La scelta della struttura ausiliaria può essere orientata proprio sulla base del requisito che la struttura rinforzata debba avere una domanda di spostamento compatibile con quella della struttura esistente. Per questa ragione, la usuale progettazione di strutture di controvento (siano essere metalliche o in cemento armato) basata sulla scelta di un fattore di struttura che dipenda dalla duttilità dei controventi stessi non è generalmente applicabile per l’adeguamento di strutture esistenti. Infatti, gli spostamenti corrispondenti potrebbero essere incompatibili con la corrispondente capacità della struttura esistente e richiedere interventi generalizzati volti all’aumento della capacità plastica delle membrature.
Per questo motivo, invece di un metodo di progetto basato sulle forze, risulta assai più razionale impostare il problema dell’adeguamento sismico basato sul controllo degli spostamenti. In questo ambito, il dimensionamento della struttura di controvento dipende dai seguenti parametri:
- lo spostamento D* ed il corrispondente tagliante V* del sistema SDOF equivalente;
- lo spettro elastico di progetto relativo al sisma considerato.
Infatti, detta D*tar  la capacità di spostamento della struttura esistente, limitando l’analisi al caso in cui valga la “regola dell’uguaglianza di spostamento” (tra un oscillatore elastico ed uno elasto-plastico con uguale periodo), come avviene nell’ambito dei rami a pseudo-velocità costante dello spettro elastico, la rigidezza della struttura adeguata deve rispettare la seguente relazione:
Kd = [m*Sel,ADRS(D*tar)]/ D*tar                          (11)
essendo Sel,ADRS l’accelerazione spettrale corrispondente alla capacità di spostamento D*tar (Figura 4). Con poche variazioni la strategia può essere applicata nel ramo a pseudo-accelerazione costante dello spettro di progetto.

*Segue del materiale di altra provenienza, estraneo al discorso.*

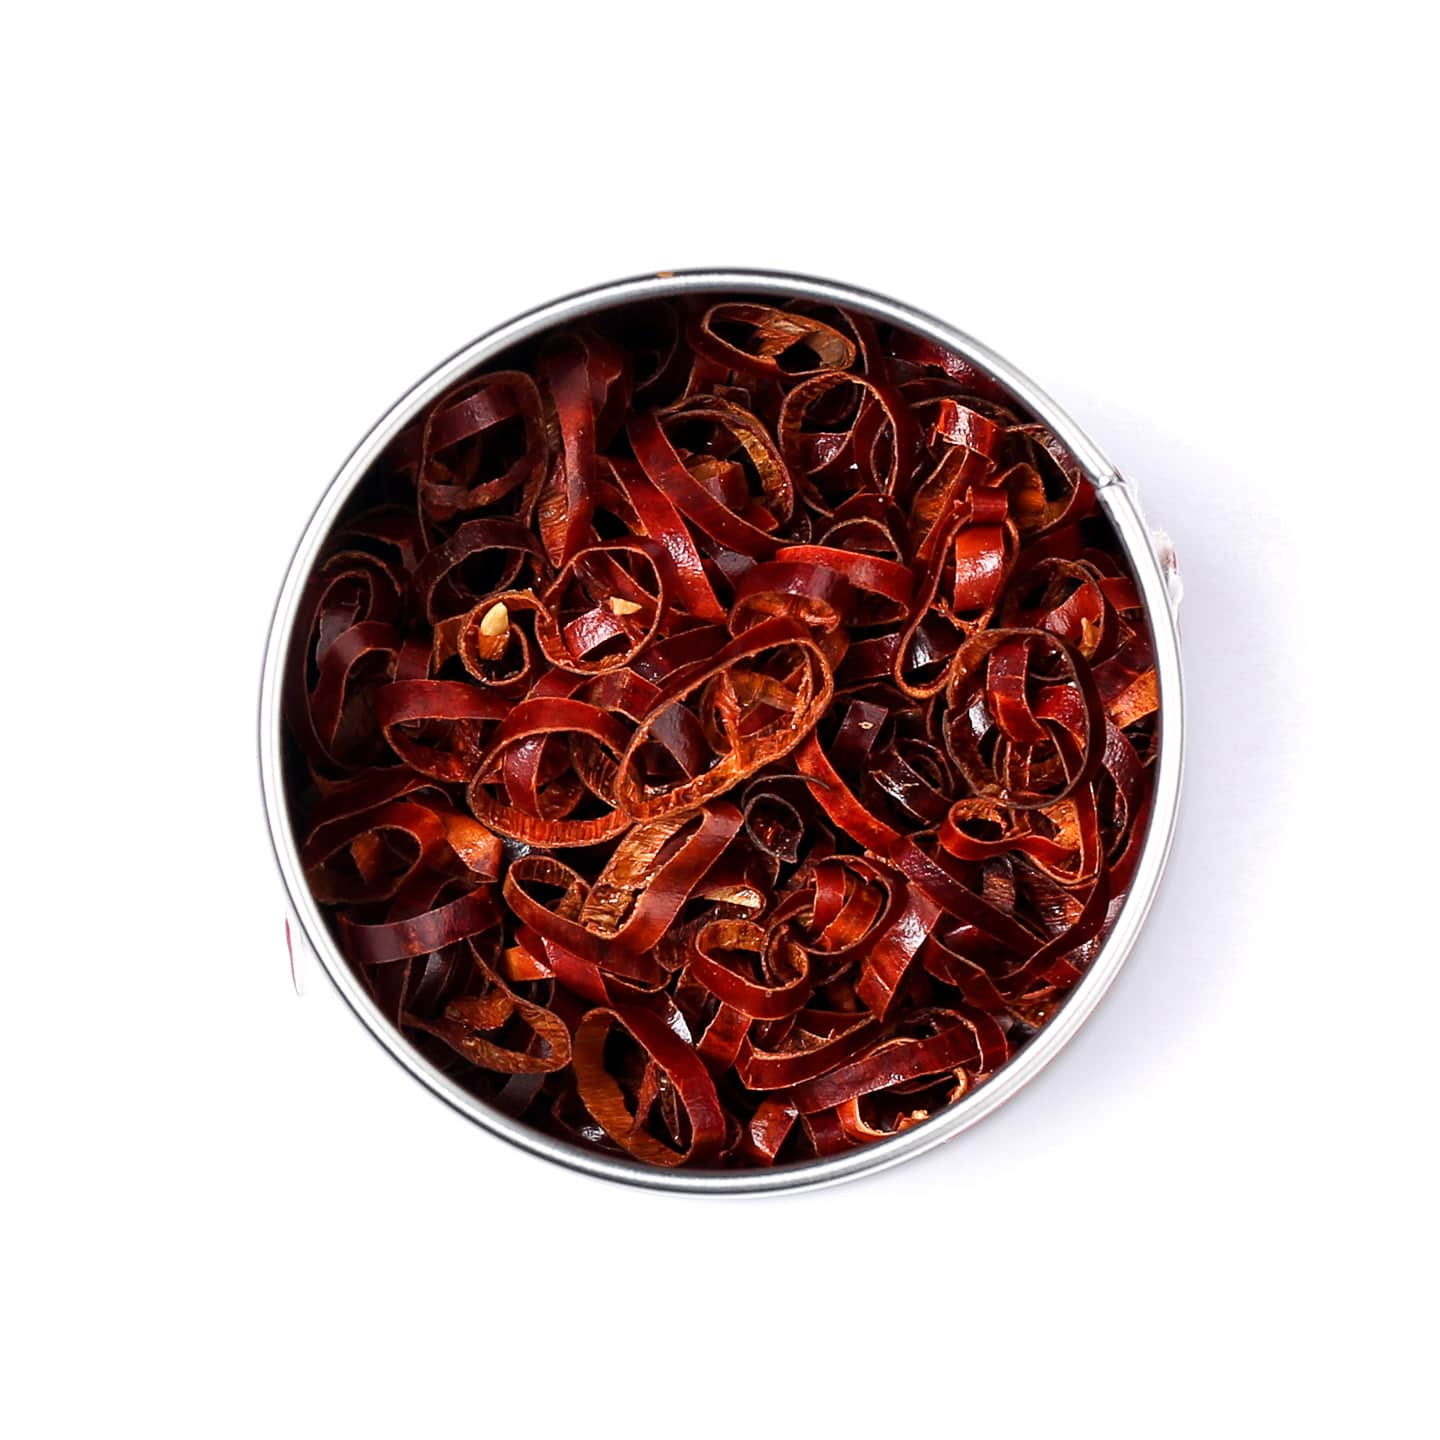 Terre Exotique Rings Of Fire Chilli Pepper, 15g

Figura 4. Rappresentazione grafica del requisito di progetto per la struttura adeguata

Il parametro Kd rappresenta il valore minimo della rigidezza che deve avere un oscillatore semplice elastico di massa m* affinché il suo spostamento massimo non superi D*tar. Se vale l’ipotesi di uguaglianza degli spostamenti di cui si è detto sopra, lo stesso requisito assicura che anche l’oscillatore semplice elasto-plastico di pari rigidezza abbia spostamento non maggiore di D*tar. Si osserva che la rigidezza Kd risulta invariante rispetto alla trasformazione descritta dalla relazione (7) che rappresenta il passaggio tra le caratteristiche meccaniche definite sulla struttura e quelle corrispondenti dell’oscillatore semplice equivalente:

Kd = Fe/Dtar = (Fe/G)/(Dtar/G) = F*e/D*tar = m* × SADRS(D*tar)/ D*tar            (12)

Per questa ragione la rigidezza così determinata è quella che dovrebbe avere la struttura adeguata affinché la domanda di spostamento su di essa sia inferiore Dtar = G×D*tar.
Dalla rigidezza richiesta alla struttura adeguata è possibile risalire per differenza alla rigidezza della struttura di controvento

DK = Kd - KES,                                                                              (13)

essendo KES la rigidezza della struttura esistente.
Infine, volendo impostare il problema dell’adeguamento in una procedura di verifica Multi-Livello come quello previsto dall’O.P.C.M.3274/03 (e, più in generale, da un approccio Performance Based) è possibile individuare più valori della capacità di spostamento D*tar,SL in corrispondenza degli stati limite SL. Per ognuno di essi, con riferimento ai diversi spettri elastici associati agli stessi Stati Limite si può ottenere il valore di progetto della rigidezza della struttura di controvento:

DK = max {DKDL; DKDS; DKCO}                                                   (14)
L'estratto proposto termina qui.